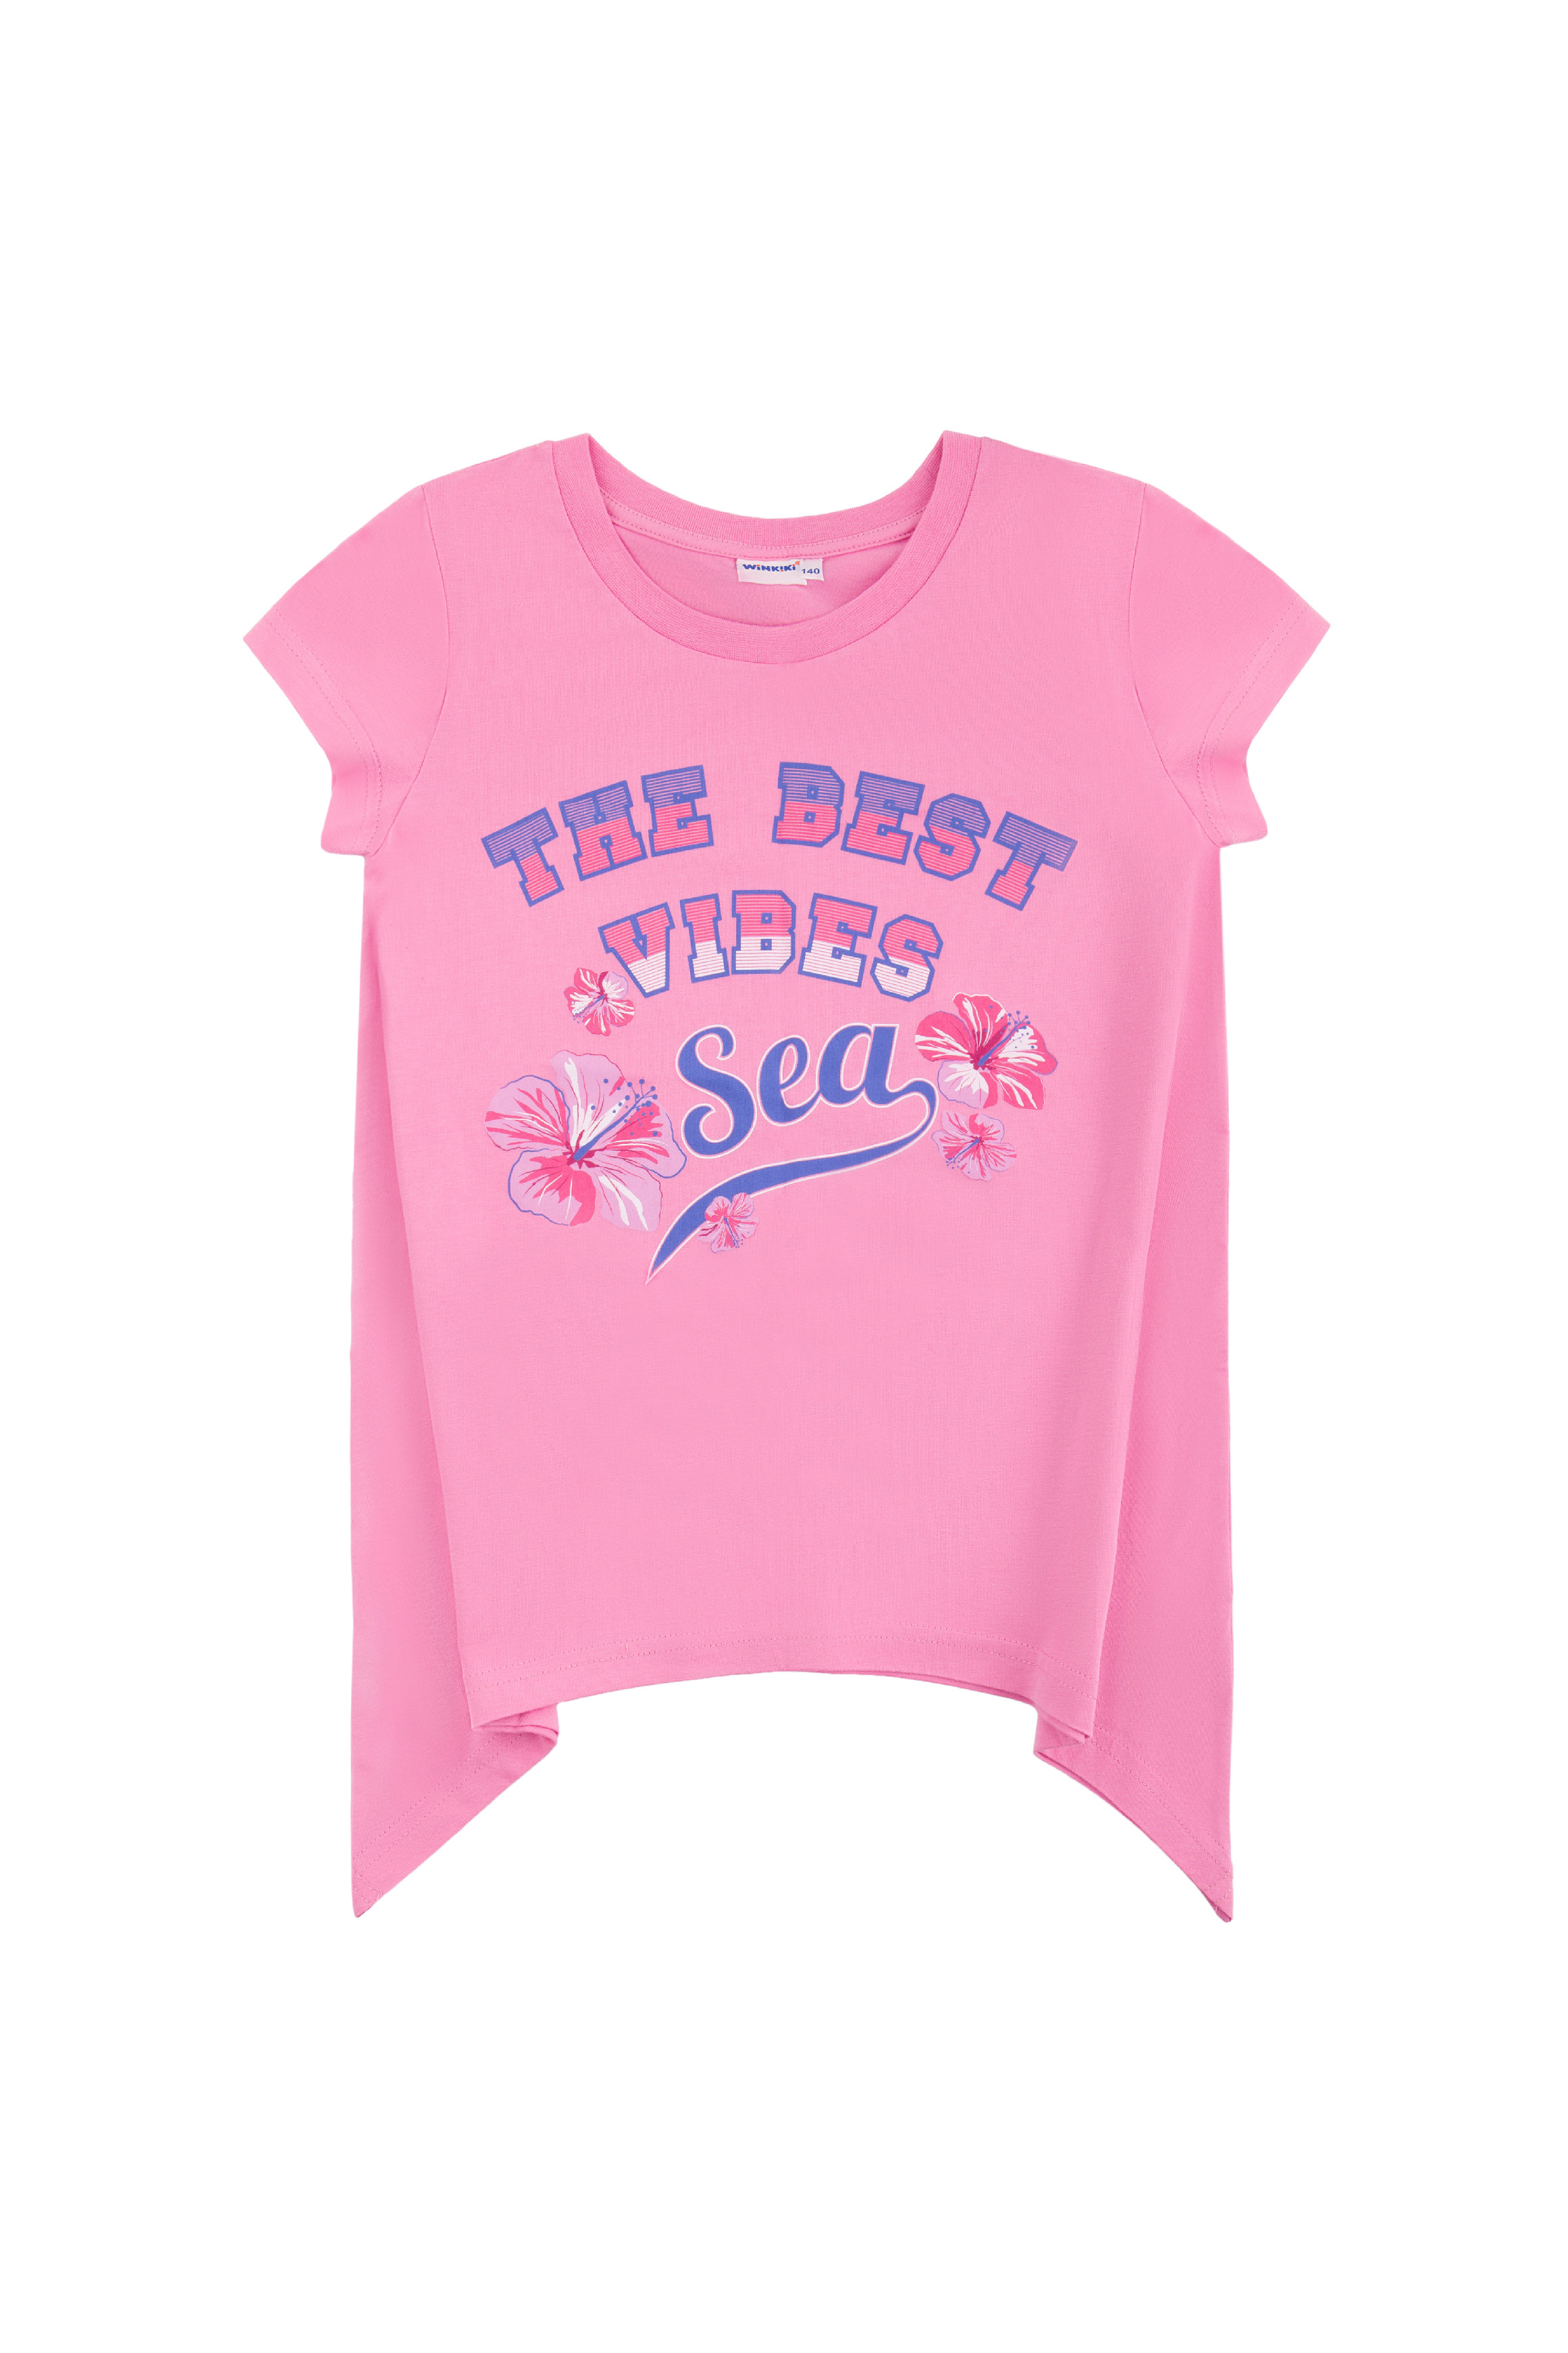 Dívčí triko - Winkiki WTG 01801, růžová Barva: Růžová, Velikost: 158
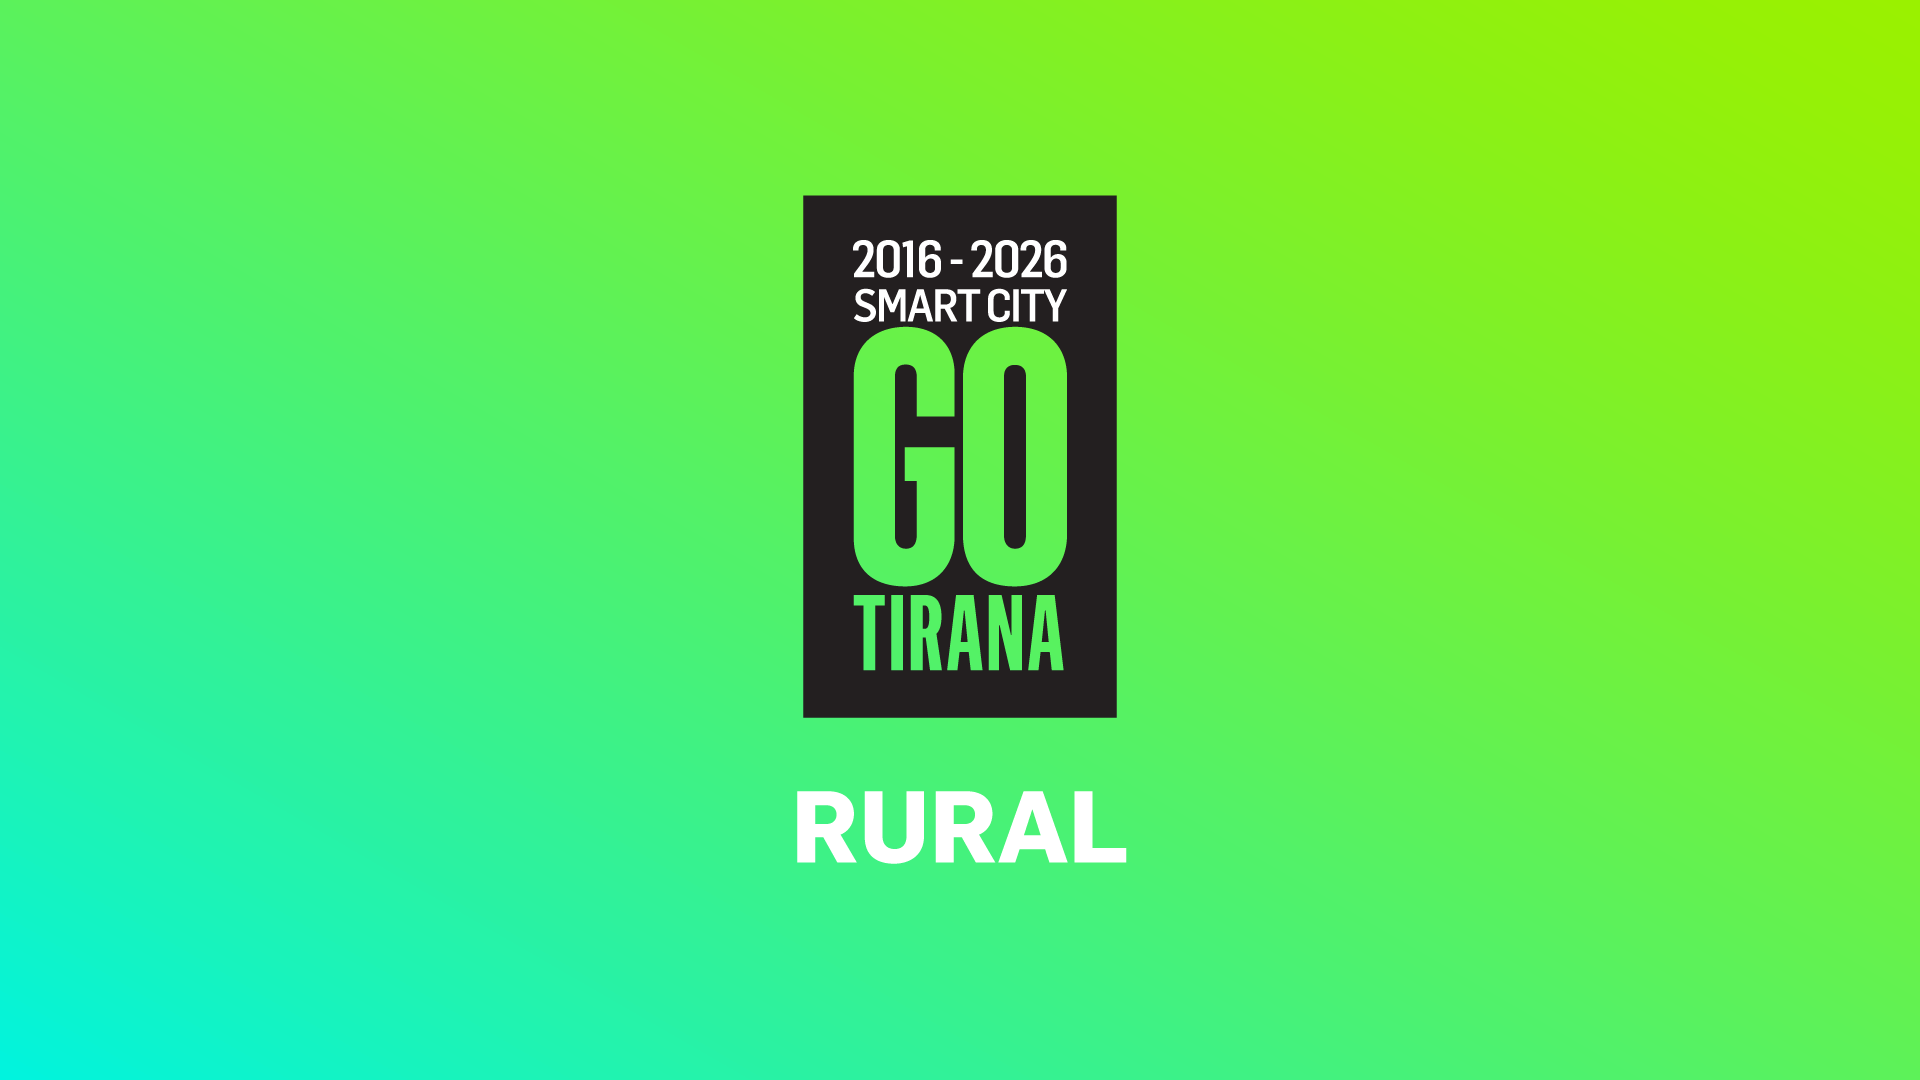 Tirana Smart City - Rural
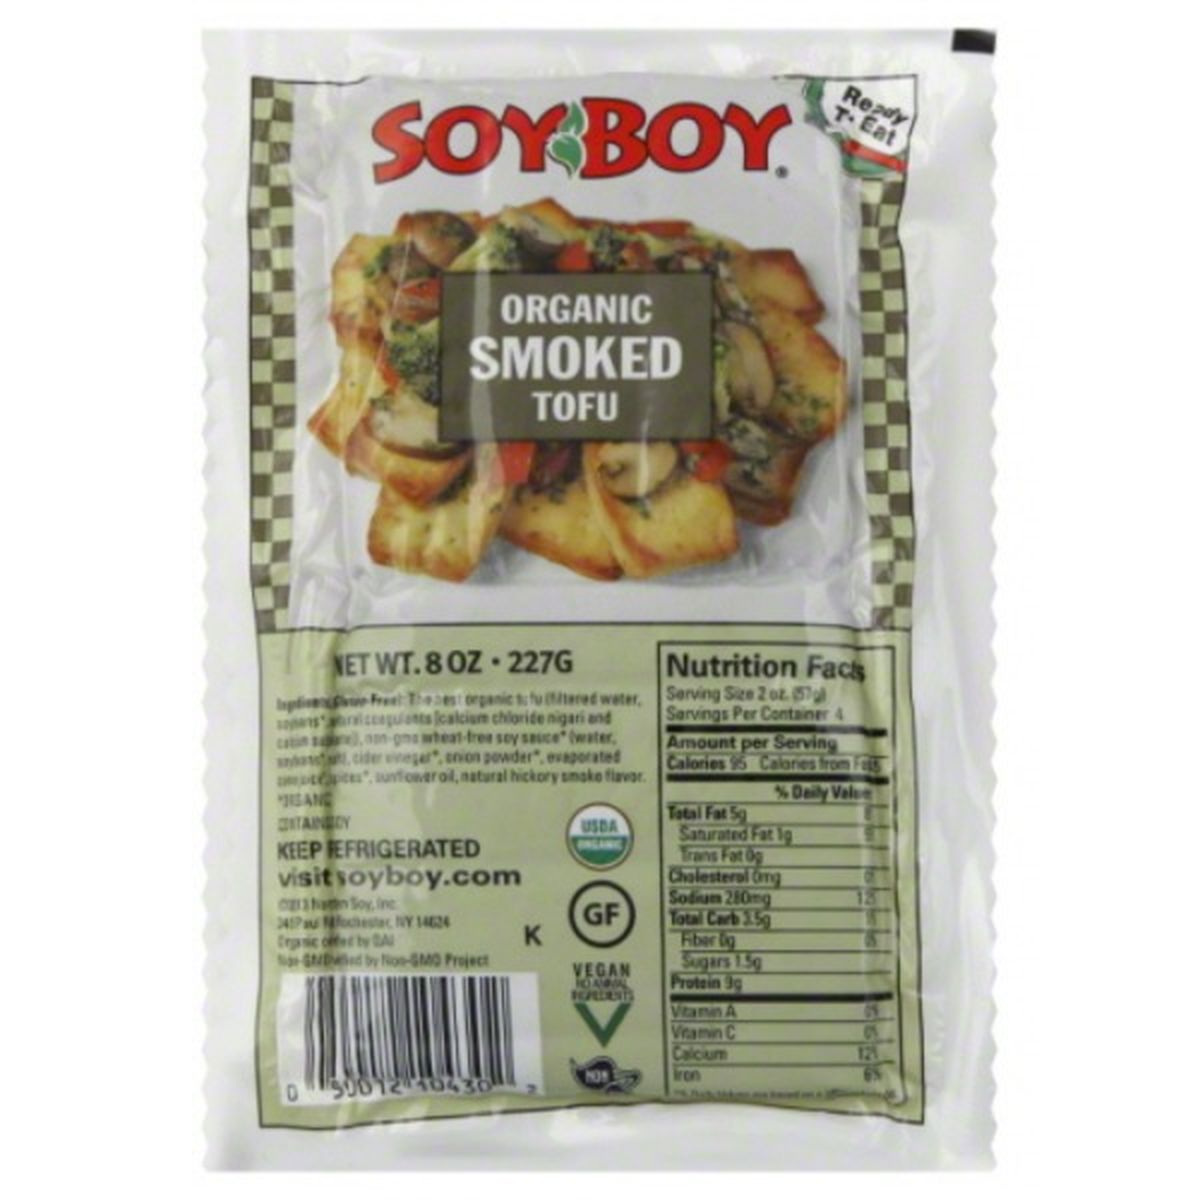 Calories in Soyboy Tofu, Organic, Smoked

○ ○ ○ ○ ○ ○ ○

Work instructions: Word for word, restate all of the material above except its pictures.

Solution below:
 Dívčí triko - Winkiki WTG 01801, růžová Barva: Růžová, Velikost: 158
 Tirana Smart City - Rural
 Calories in Soyboy Tofu, Organic, Smoked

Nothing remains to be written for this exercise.